En 2022, la main-d’œuvre totale en santé et services sociaux des secteurs public et privé était 35 % plus nombreuse qu’en 1991, et ce, en tenant compte de l’accroissement de la population et de son vieillissement.* Pourtant, le gouvernement de cette époque qualifiait la situation de surplus de main-d’œuvre.**
Le gouvernement d’aujourd’hui se dédouane de ses choix politiques qui ont miné le réseau de la santé. Il prétend qu’il y a une pénurie de main-d’œuvre alors qu’elle est plus abondante qu’en 1991.
* Anne Plourde, Mythes et réalité de la pénurie de main-d’œuvre en santé et services sociaux au Québec, mai 2024, LaRISSS, IRIS, page 9.
** MSSS, Rapport du groupe de travail national sur les effectifs infirmiers, https://publications.msss.gouv.qc.ca/msss/fichiers/2022/22-945-03W.pdf, 2022, page 3.
La main-d’œuvre infirmière a augmenté de 8 % depuis 1992, et ce, en tenant compte de l’augmentation de la population.* Le président de l’Ordre des infirmières et infirmiers du Québec (OIIQ), Luc Mathieu, cité dans un article dans Le Devoir, affirmait ceci : « On n’en a jamais eu autant au Québec. Depuis 10 ans, ça n’arrête pas d’augmenter »**. Si l’on compare le Québec aux autres provinces canadiennes, le ratio d’infirmières par habitant est généralement à l’avantage du Québec. Les dernières données de l’OIIQ indiquent que le Québec compte 7,74 infirmières par 1 000 habitants, se classant avantageusement par rapport à l’Ontario qui connaît un ratio de 6,37/1 000.***
* Anne Plourde, Mythes et réalité de la pénurie de main-d’œuvre en santé et services sociaux au Québec, mai 2024, LaRISSS, IRIS, page 10.
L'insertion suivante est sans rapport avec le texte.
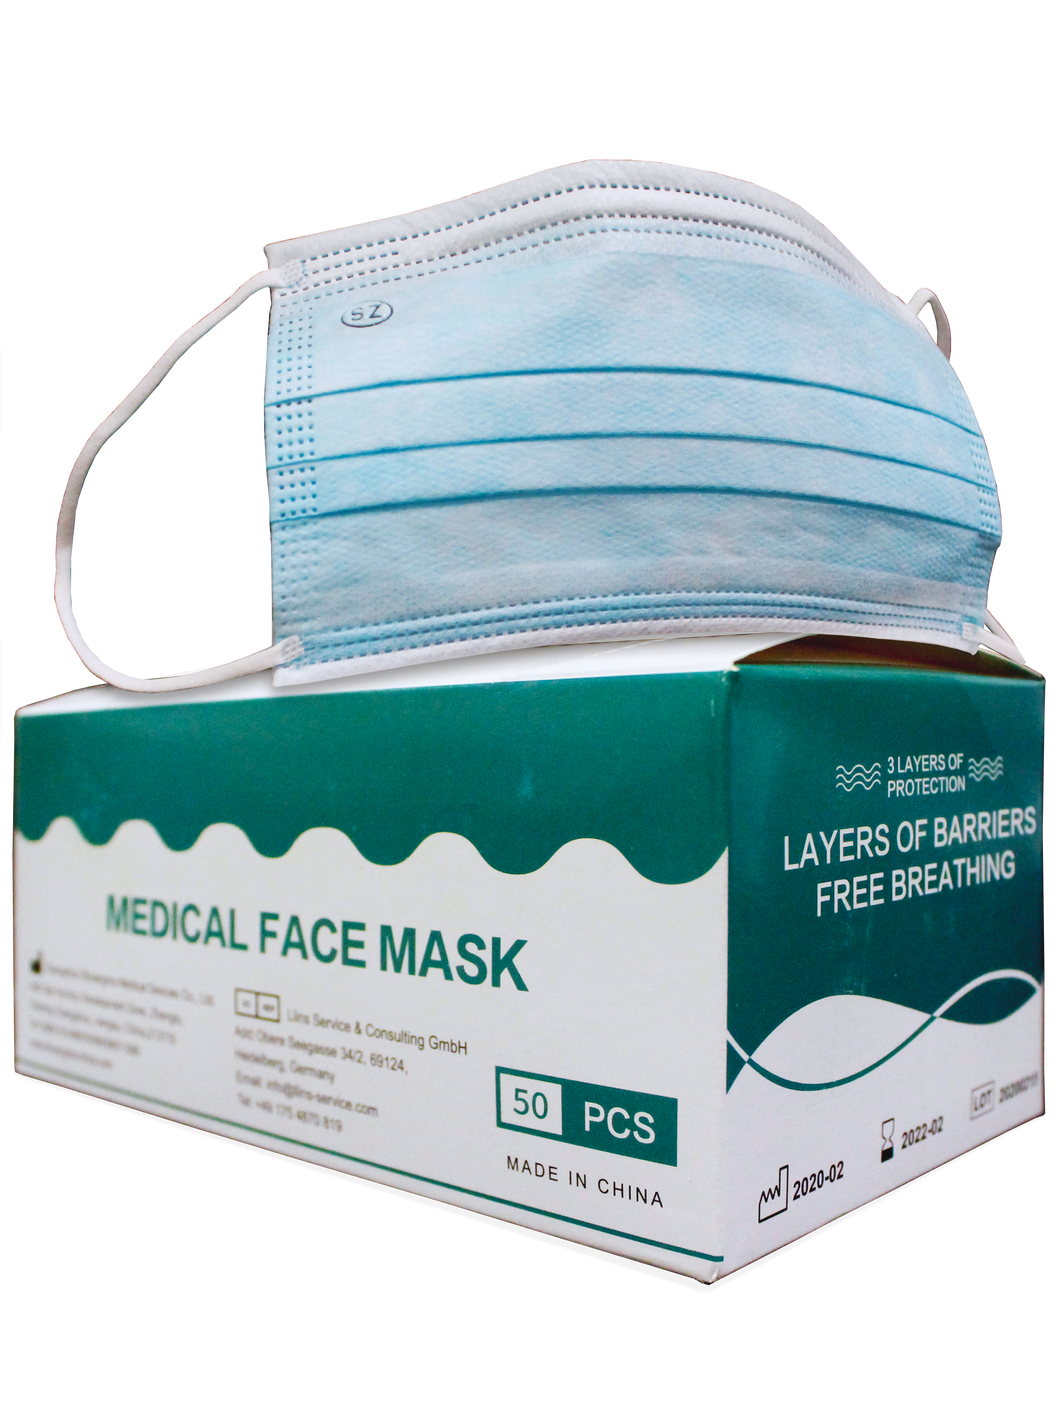 WHOLESALE Box of 50 3-Ply Face Masks
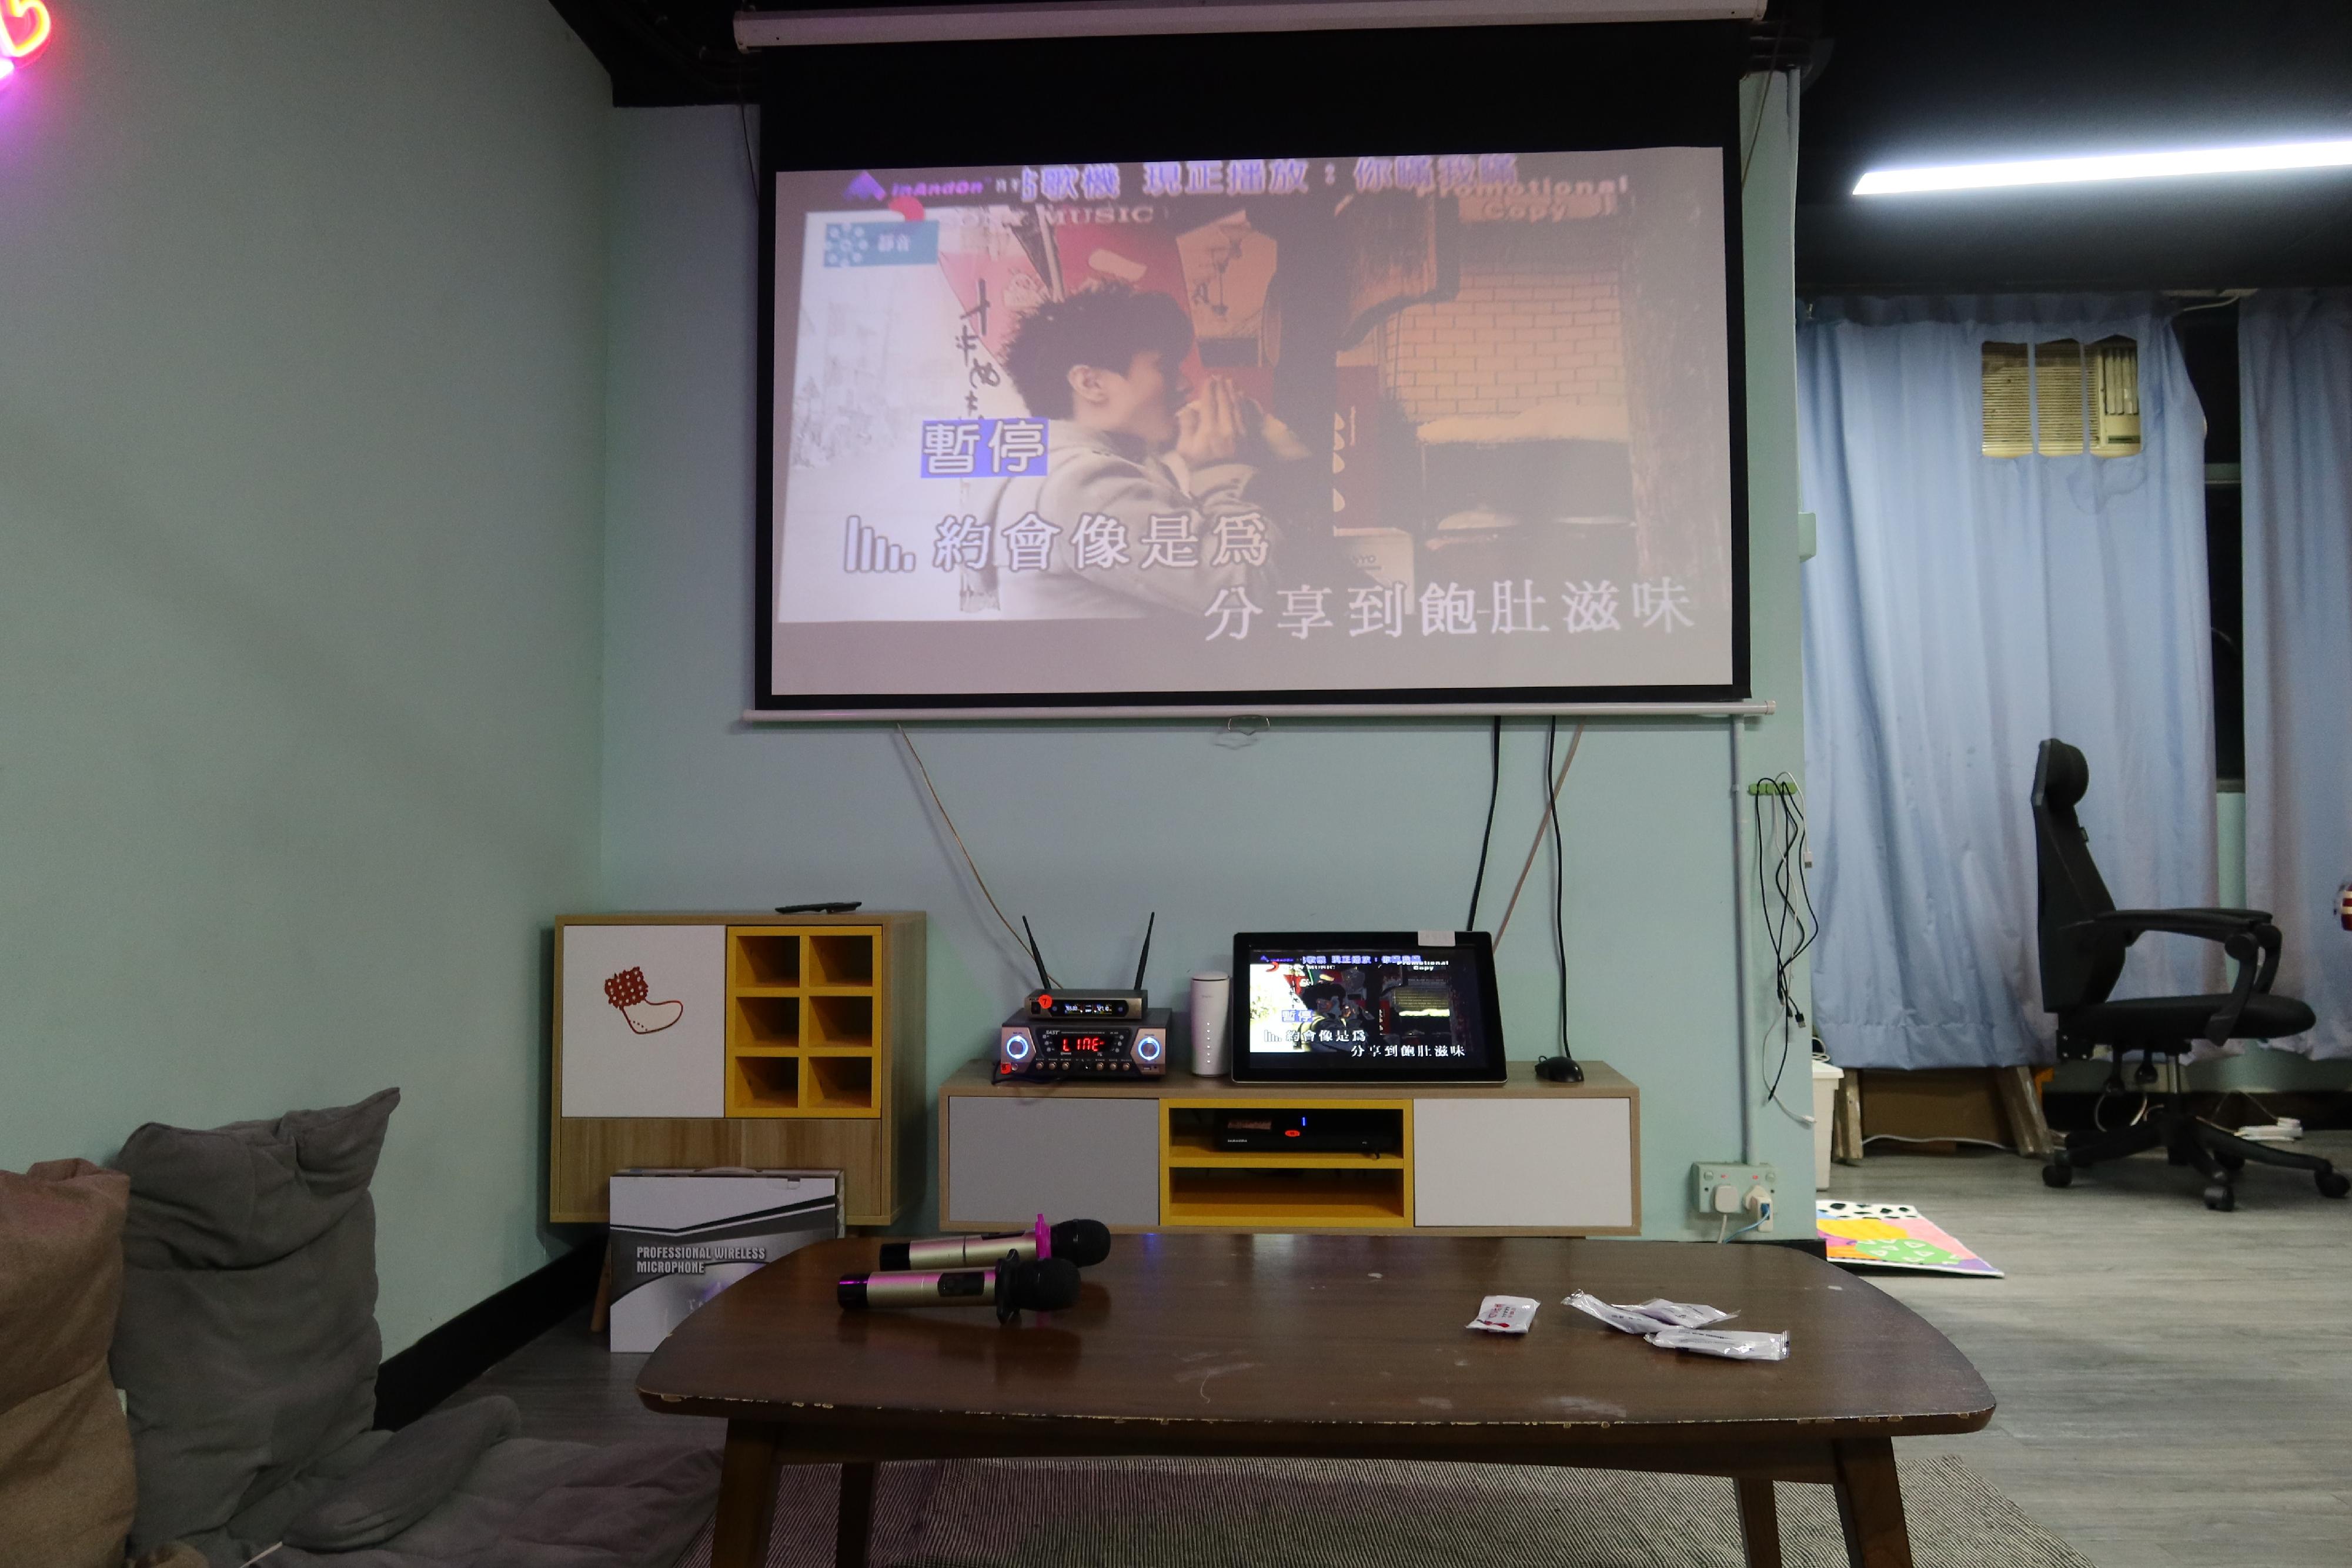 Hong Kong Customs yesterday (September 14) conducted an enforcement operation codenamed "Magpie" throughout the city to combat illegal activities involving party room operators providing infringing karaoke songs to customers in the course of business. Photo shows a party room in Tsuen Wan raided by Customs officers.

** Le Devoir (Lia Lévesque, La Presse canadienne), https://www.ledevoir.com/societe/sante/771830/il-n-y-a-jamais-eu-autant-d-infirmieres-au-quebec, 22 novembre 2022.
*** OIIQ, Rapport statistique sur l’effectif infirmier et la relève infirmière du Québec 2022-2023, https://www.oiiq.org/documents/20147/26586017/oiiq-rapport-statistique-23-VF.pdf/6f710838-6645-eef2-90f6-152b5400d34a#:~:text=En%202022%2D2023%2C%202%20423,lutte%20contre%20la%20COVID%2D19, page 16.
En tenant compte non seulement de l’augmentation, mais aussi du vieillissement de la population, on constate une réduction du nombre d’infirmières par rapport aux années 1990. Le Québec a affronté la pandémie, toutes proportions gardées, avec 13 % moins de main-d’œuvre infirmière qu’en 1992. Cette situation est exacerbée par le développement du secteur privé. En 1992, 85 % des infirmières travaillaient dans le réseau public alors qu’en 2022, c’est seulement 72 %.*
Davantage qu’une « pénurie de main-d’œuvre », le Québec vit un exode de la main-d’œuvre infirmière vers le secteur privé en raison des actions et des choix politiques du gouvernement.
*Anne Plourde, Mythes et réalité de la pénurie de main-d’œuvre en santé et services sociaux au Québec, mai 2024, LaRISSS, IRIS, page 10.
Considérant l’augmentation du nombre d’infirmières par 1 000 habitants, où sont les infirmières manquantes dans le réseau public?
- Au secteur privé parce qu’elles y gagnent plus cher et parce que la charge de travail y est moins intense.
- À temps partiel pour prévenir l’épuisement.
- En arrêt maladie à cause du climat toxique et de la surcharge de travail.
L’exode des infirmières est causé par l’intensité du travail. Ce n’est pas une « pénurie de main-d’œuvre ». La FIQ fait les mêmes constats pour toutes les professionnelles en soins infirmiers et cardiorespiratoires.
En se réfugiant derrière la supposée « pénurie de main-d’œuvre », le gouvernement cherche à se déresponsabiliser. Ne nous laissons pas berner!
Mettre fin à la crise du travail subie par les professionnelles en soins est possible. Les professionnelles en soins ont plusieurs solutions : stabiliser les équipes de soins, éliminer la surcharge de travail, respecter l’expertise, etc. Bref, il faut améliorer les conditions de travail et d’exercice. Cela passe par un investissement massif dans le réseau public de la santé et des services sociaux.